В дверь осторожно просунулась широкая физиономия тумановского лакея.
– Прикажете чай подать, Михал Михалыч? Или кофею? – спросил он, не показываясь, впрочем, целиком, и внимательно наблюдая за движениями рук хозяина.
– Нет! Скажи-ка нам теперь, Федька, ты – народ?
– Ну-у дак… – Федька помолчал в замешательстве, потом нашел выход. – Если вы приказать изволите, то – народ!
– Ладно, значит народ. А теперь скажи, вот эта барышня тебе чего-нето должна?
– Барышня?! Мне?! – изумился Федька и, на мгновение позабыв о должной почтительности, молча потряс головой. – Ни в коем разе.

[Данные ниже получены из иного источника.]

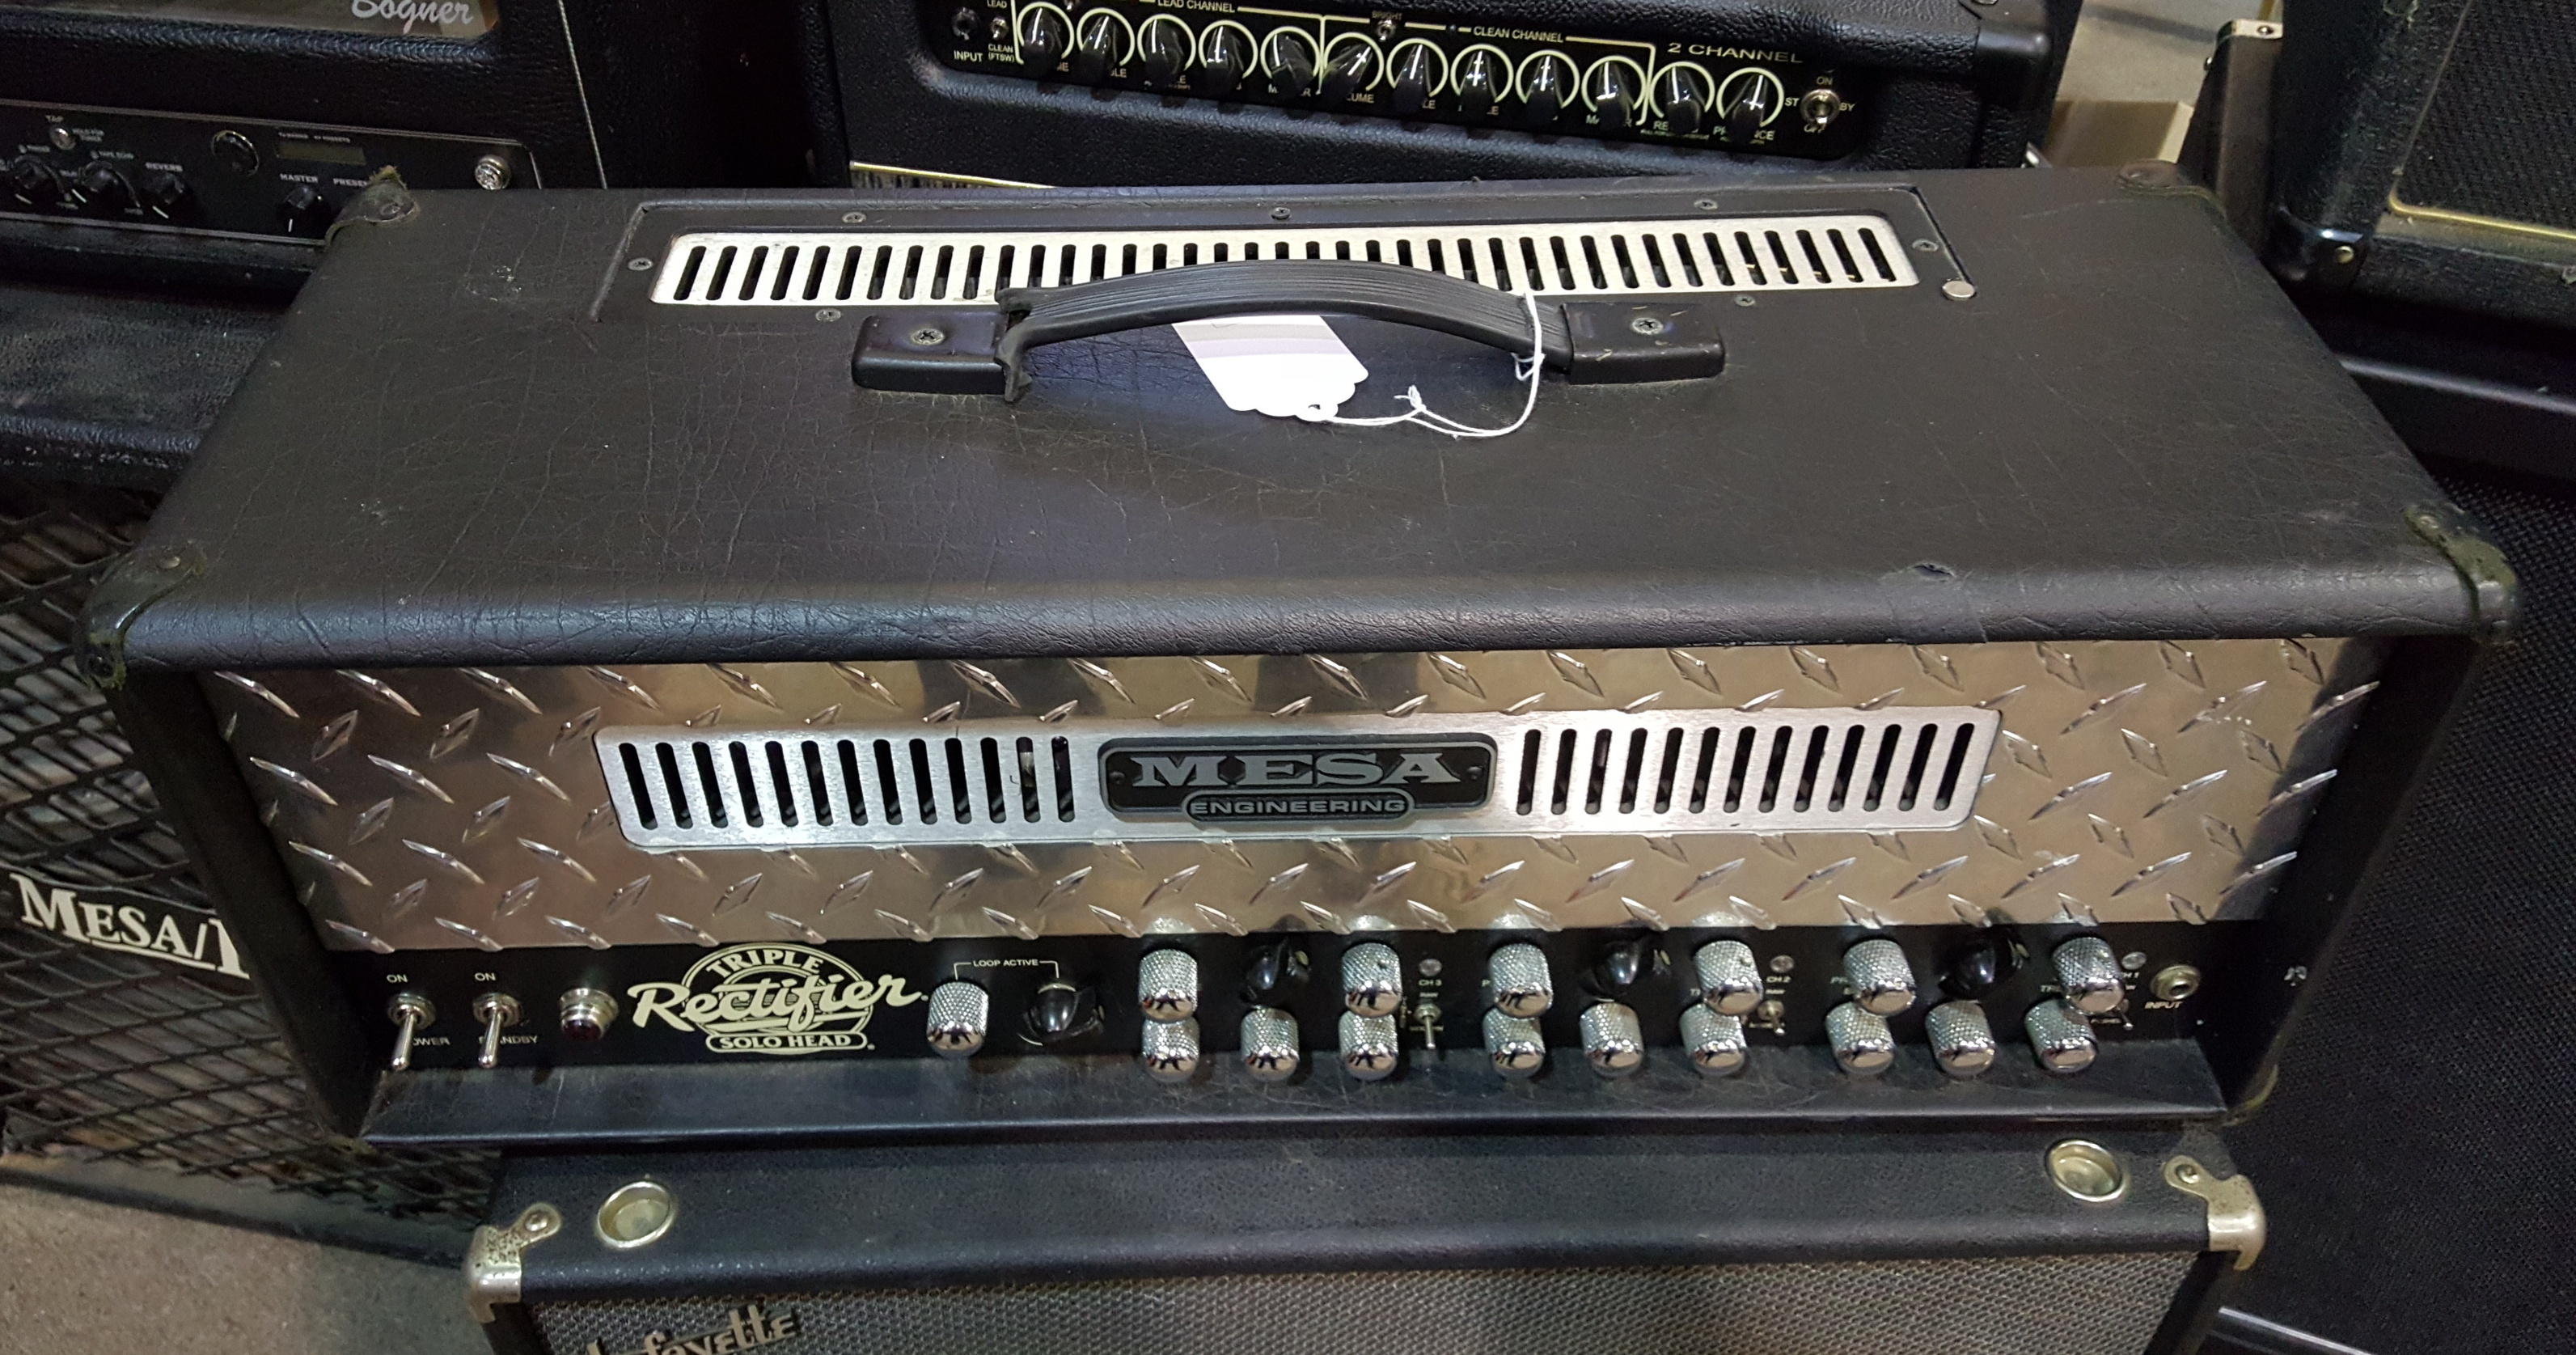 MESA BOOGIE TRIPLE RECTIFIER 150-WATT TUBE GUITAR AMP HEAD

Да я и вижу ее в первый раз в жизни. Как же можно?
– Ладно. Пошел вон, болван, – Федькина голова исчезла. – Вот видишь…
– Это ничего не доказывает, – тут же возразила Оля. – Федор – лакей. Его внутреннее устройство извращено близостью к…
– К кому? Ко мне, что ли? – усмехнулся Туманов. – Федька – как раз мой лакей, да и то недавно, а до того в порту каталем работал, а еще раньше – в деревне жил… Самый, что ни на есть, народ… А я – что же?

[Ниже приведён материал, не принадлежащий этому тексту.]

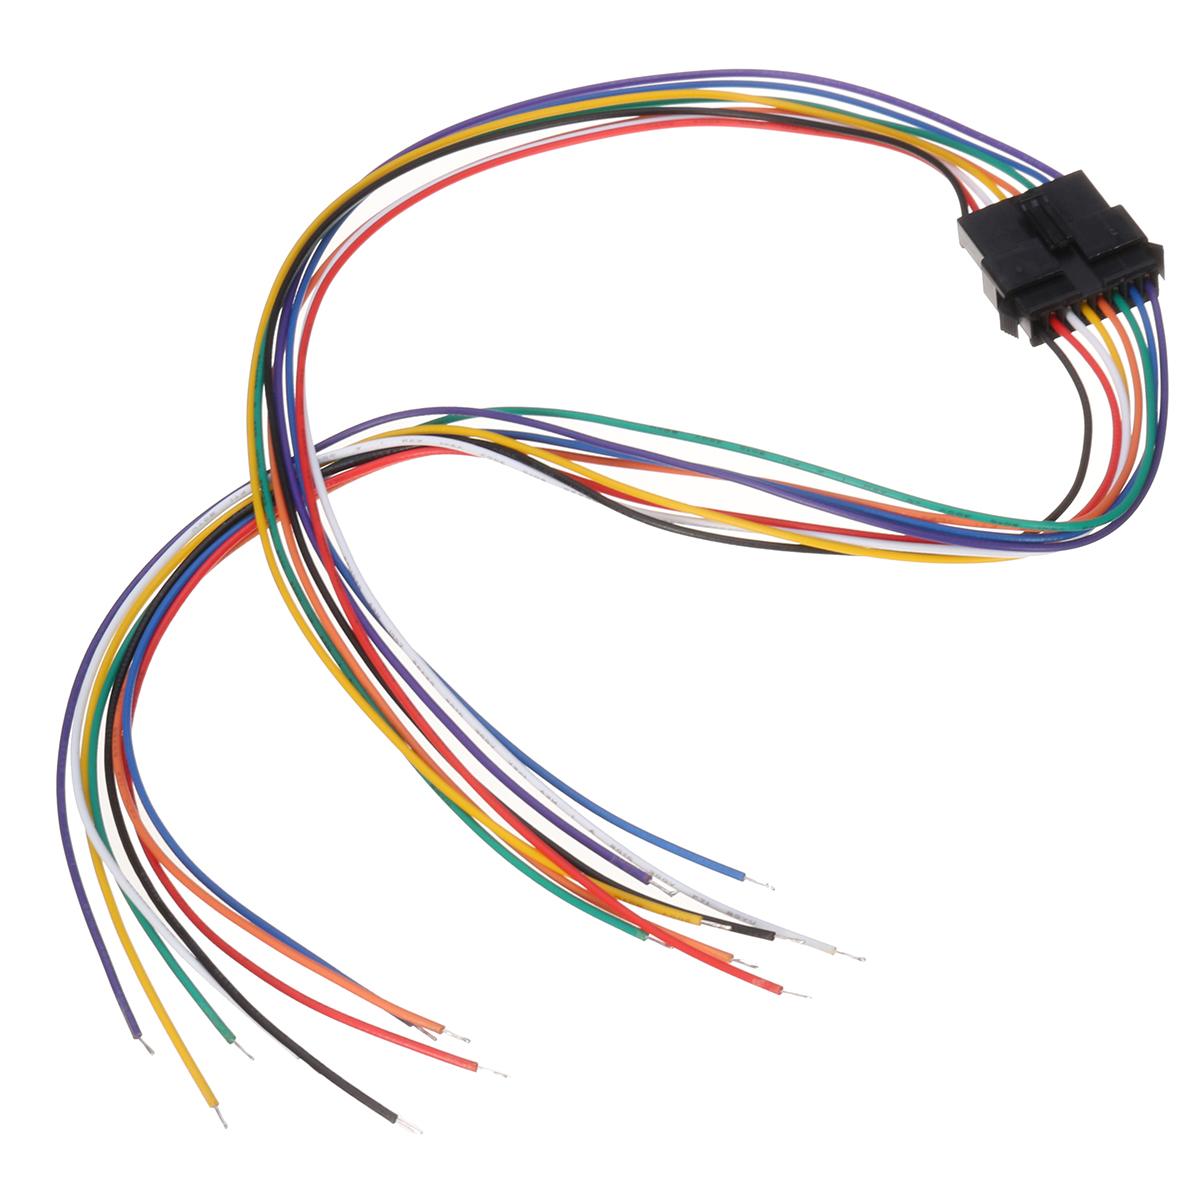 10 Set Jst 2 5mm Sm 8 Pin Male Amp Female Connector Plug

– Именно поэтому я к вам и пришла, – горячо заговорила Оля. – Вы, сами поднявшись из низов, лучше других знаете, какая несправедливость и эксплуатация царят там, сколько людей гибнут во мраке угнетения и невежества. Но там же зреют и зерна протеста. В наши дни единственная достойная цель людей, которые имеют ум и средства – всемерно способствовать пробуждению этой народной души и направлять ее…

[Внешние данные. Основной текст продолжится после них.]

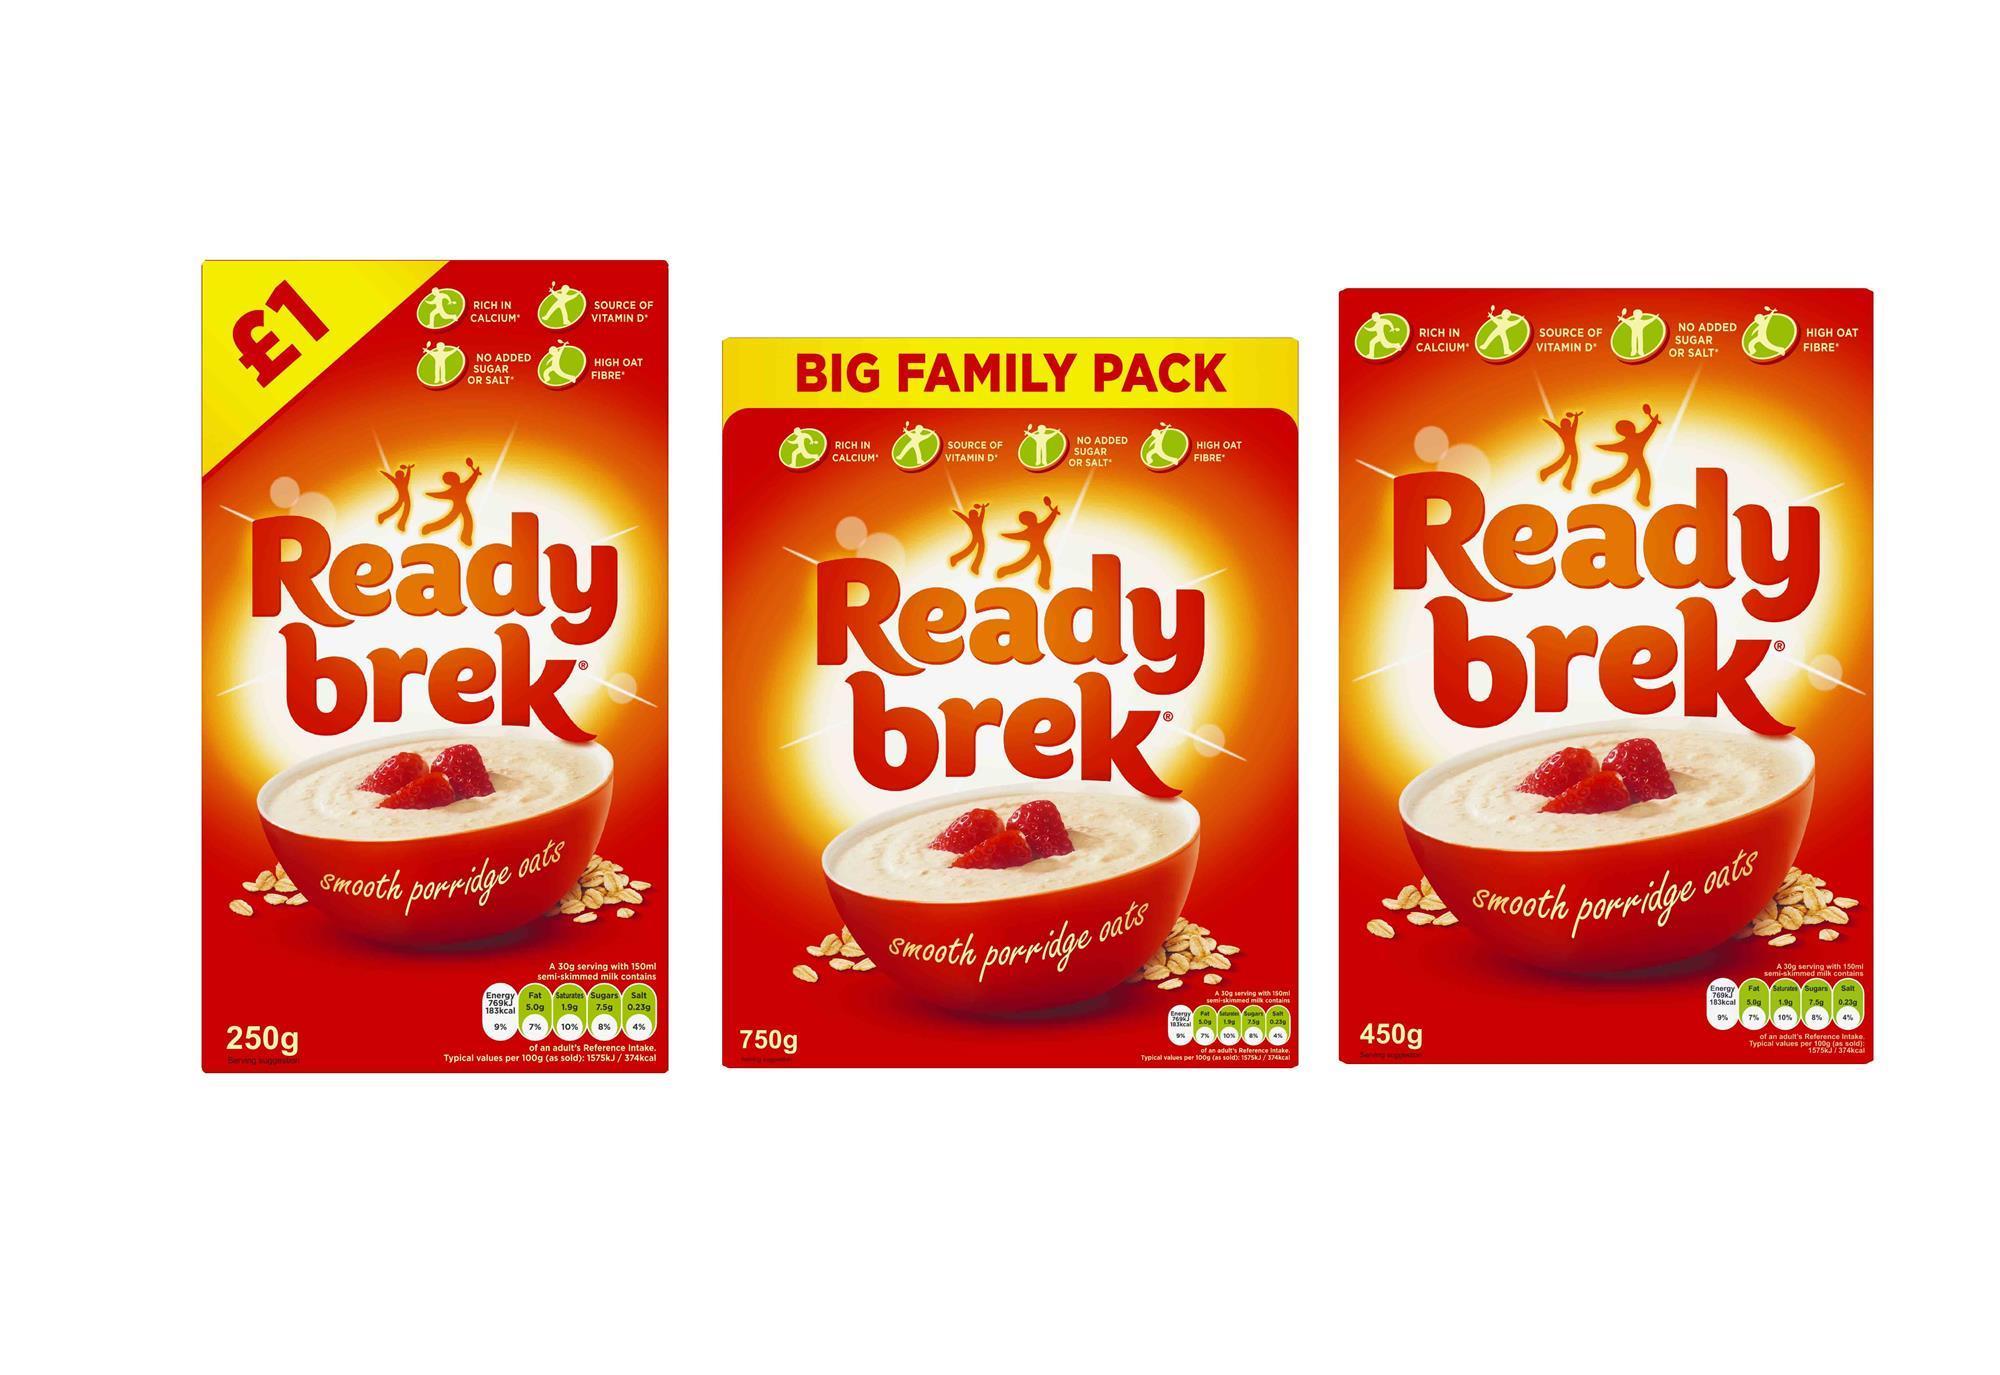 Ready Brek Gets Retro Pack Refresh Product News

– Послушай, Ольга, и постарайся понять, – Туманов устало вздохнул. – Я давно уже не могу вообразить себе не только достойной, но даже и недостойной цели, к которой я мог бы стремиться… Все, что ты говоришь касательно цели – чепуха и опасный бред. Но это по цели. По сути я тебя понимаю, потому что страсть и накал обновления – это вещи, которые действительно могут волновать и волнуют даже меня. Что ж ты от меня хочешь?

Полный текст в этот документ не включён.